## ACTION ITEM
Exact reproduction required: the lines below from the line with "round-planter-with-plants" to the line with "Mobileye Valued at", both ends included, and no others.

## DATASET CONTENT
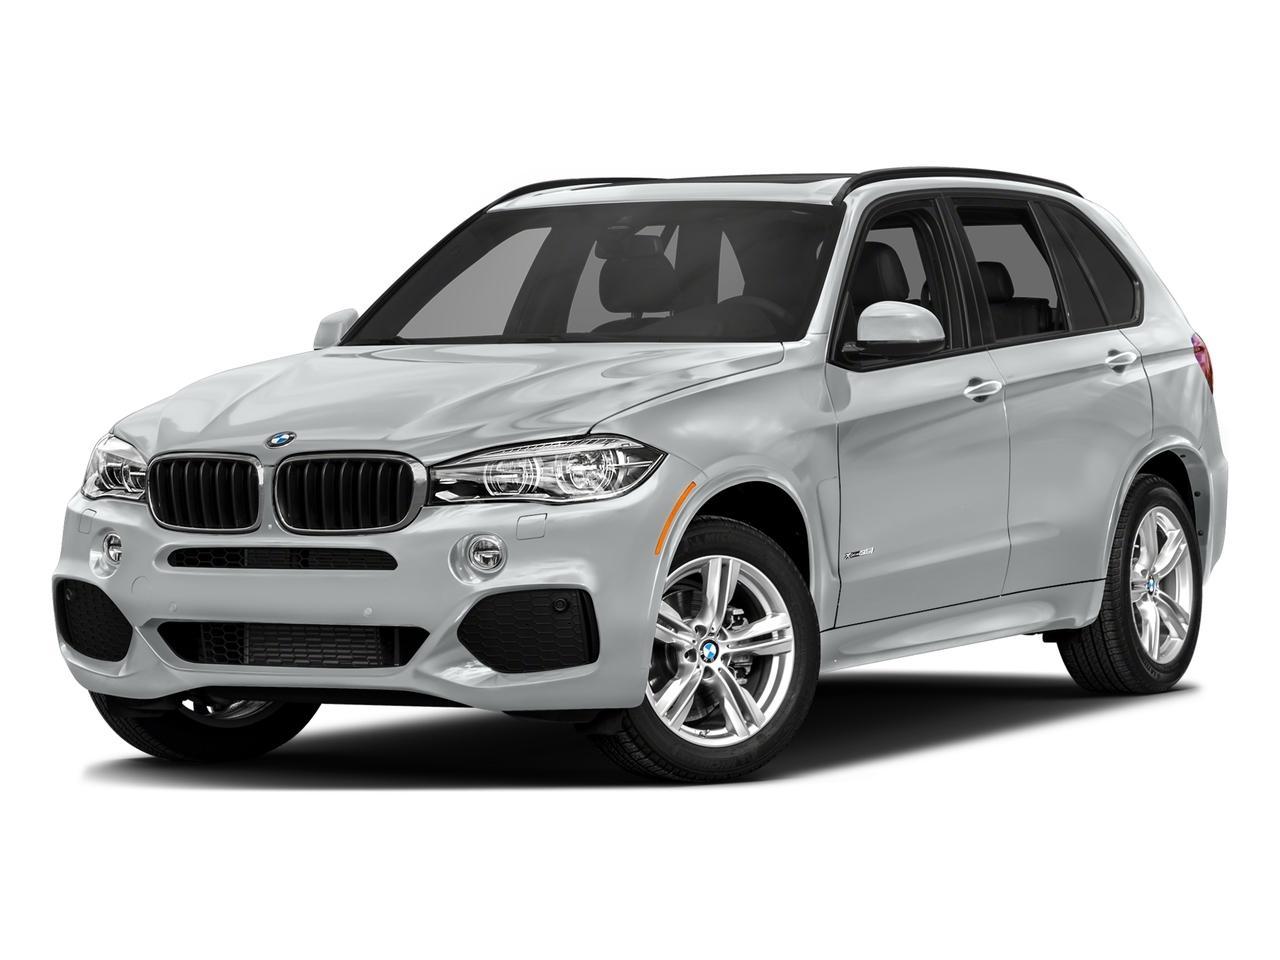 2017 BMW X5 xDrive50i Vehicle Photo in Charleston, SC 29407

* * *

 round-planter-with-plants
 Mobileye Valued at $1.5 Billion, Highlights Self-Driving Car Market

---

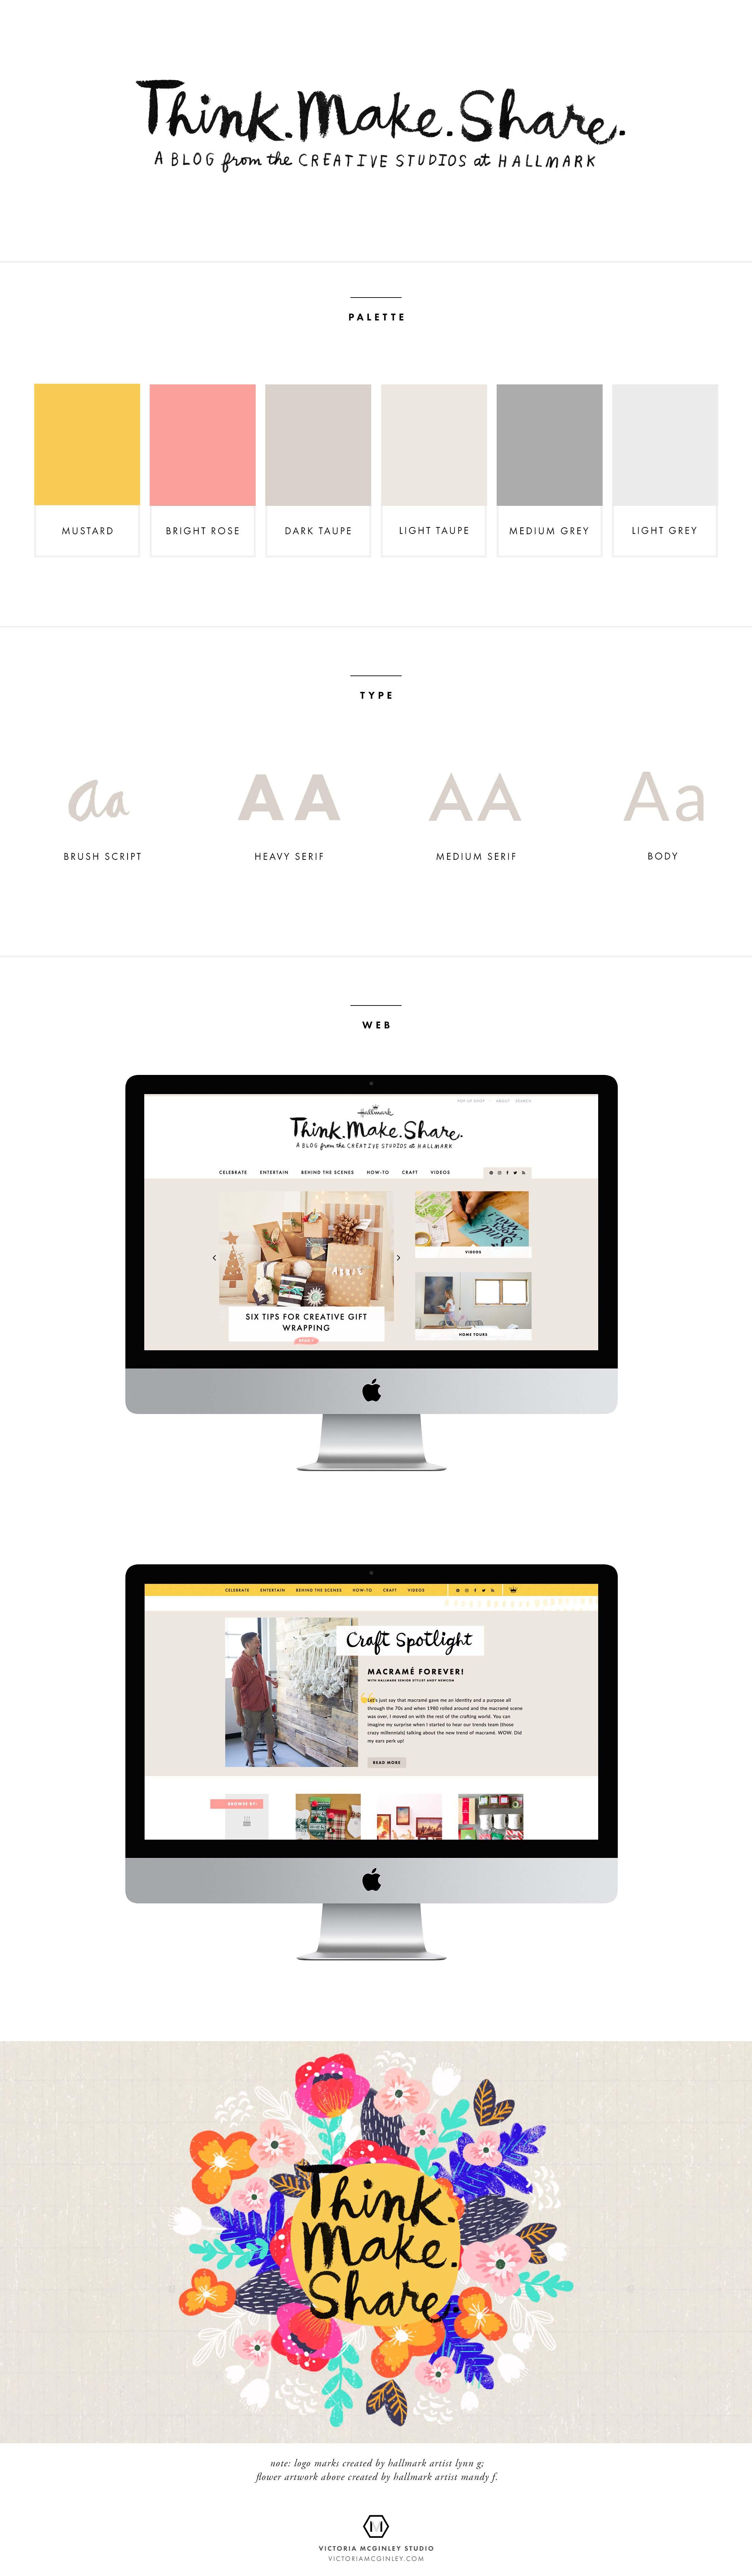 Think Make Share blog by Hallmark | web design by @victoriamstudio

## FINISHED EXERCISE
 round-planter-with-plants
 Mobileye Valued at $1.5 Billion, Highlights Self-Driving Car Market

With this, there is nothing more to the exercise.